It’s 3.00 a.m., you are pacing in your apartment, your deadline is looming in two days, and you have nothing to show for it.

Does it sound familiar?

Been there, done that – 15 years of running business-critical projects put me in that place more times than I care to admit.

So, let’s talk about an ancient art to get yourself out of the abyss of despair, self-regret, and occasional overuse of alcohol around due dates.

It’s called asking for help.

But how to ask for help without looking weak or incompetent?

Help? No, thanks, I’ve got this.

Sure, everyone asks for help from time to time.

It’s a no-brainer to go to someone competent and ask them for a bit of advice in your field.

IF, you know, it’s not too often, and it does not take much time from the person helping.

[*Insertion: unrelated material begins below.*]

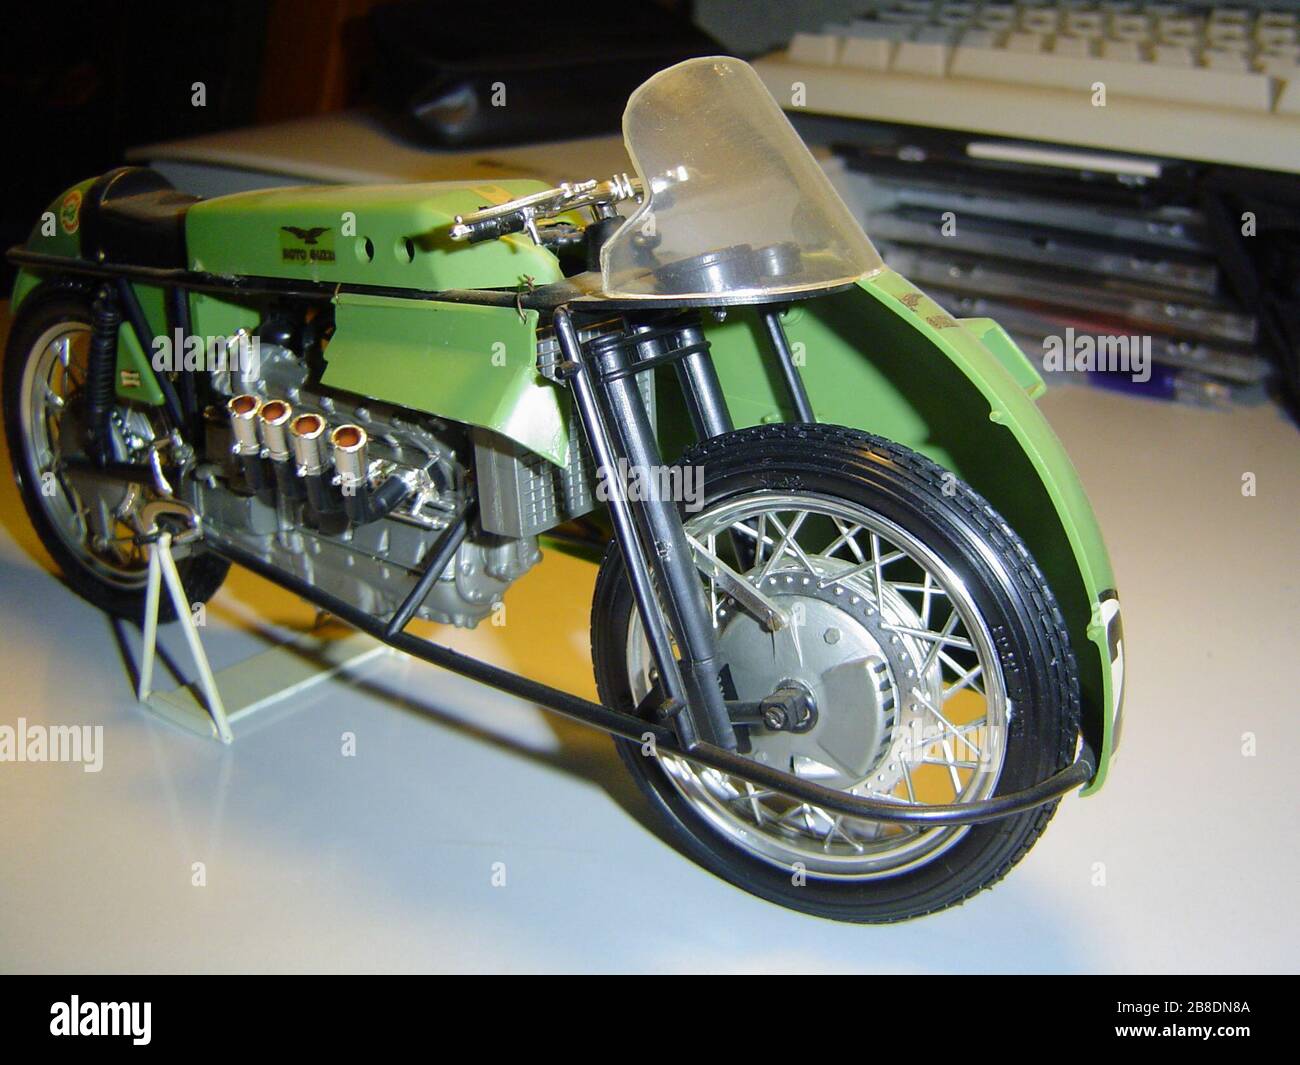 Original moto hi-res stock photography and images - Alamy

When it comes to decision-making and tackling uncertainty, however, we tend to position ourselves as strong and competent grown-ups who don’t need any assistance.

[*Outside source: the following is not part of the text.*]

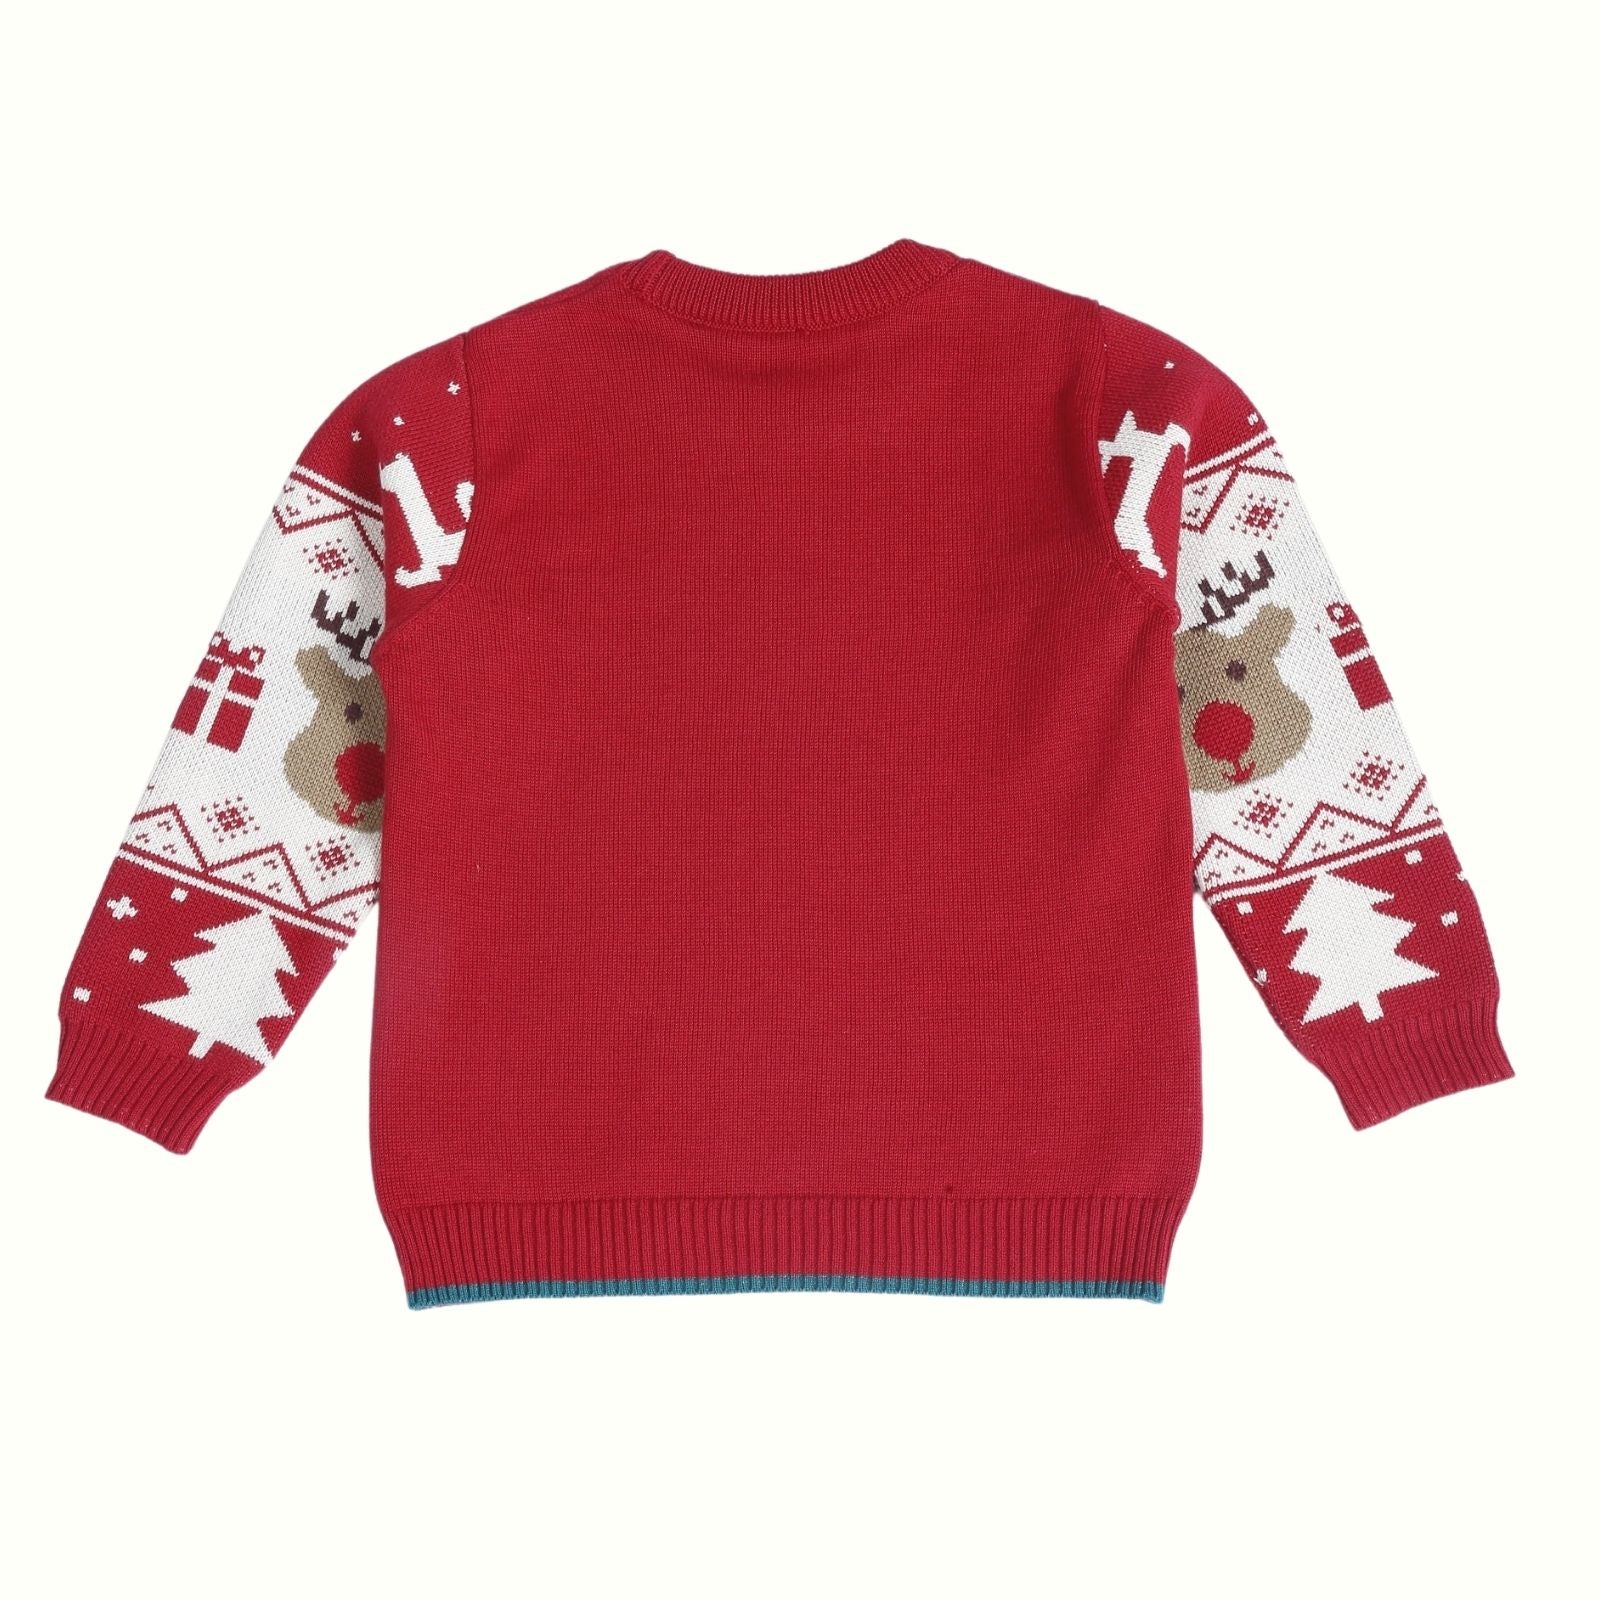 Greendeer Jaunty Reindeer, Joyful Reindeer & Hearth Warming Bear 100% Cotton Sweater Set of 3

Humans avoid asking for help in most cases because they fear:

  • To let someone else take control
  • That they will be labeled as “needy.”
  • Rejection

That’s one way for psychology to say that nobody likes to look weak or incompetent.

It’s a stupid mental barrier that stops us from learning, bonding, and being productive.

Let me give you a different perspective.

Reframe help for the 21st century

The elegant art of asking for help has a lot to do with the elegant art of reframing.

Rethink your perspective in terms of modern reality.

Life used to be simple in the industrial age.

The factory line dictated the skillset for the obvious problems at hand.

You needed to master one or two skills to solve them effectively.

Today, we solve 10 times more complex problems that demand a high number of hard & soft skills.

Yet, we expect to find solutions without any help!

Everyone needs help. No one can master all the skills for the extreme daily uncertainty we face.

Help can be socially acceptable.

In an ideal world, I would tell you to forget your ego and ask for help as often as you need it.

In business, we always ask for help, but we don’t always say it like that because our world is less than ideal.

We created socially accepted labels, powdered them with rituals, and time-boxed them, so asking for help feels like what it really is – a productive and collaborative effort.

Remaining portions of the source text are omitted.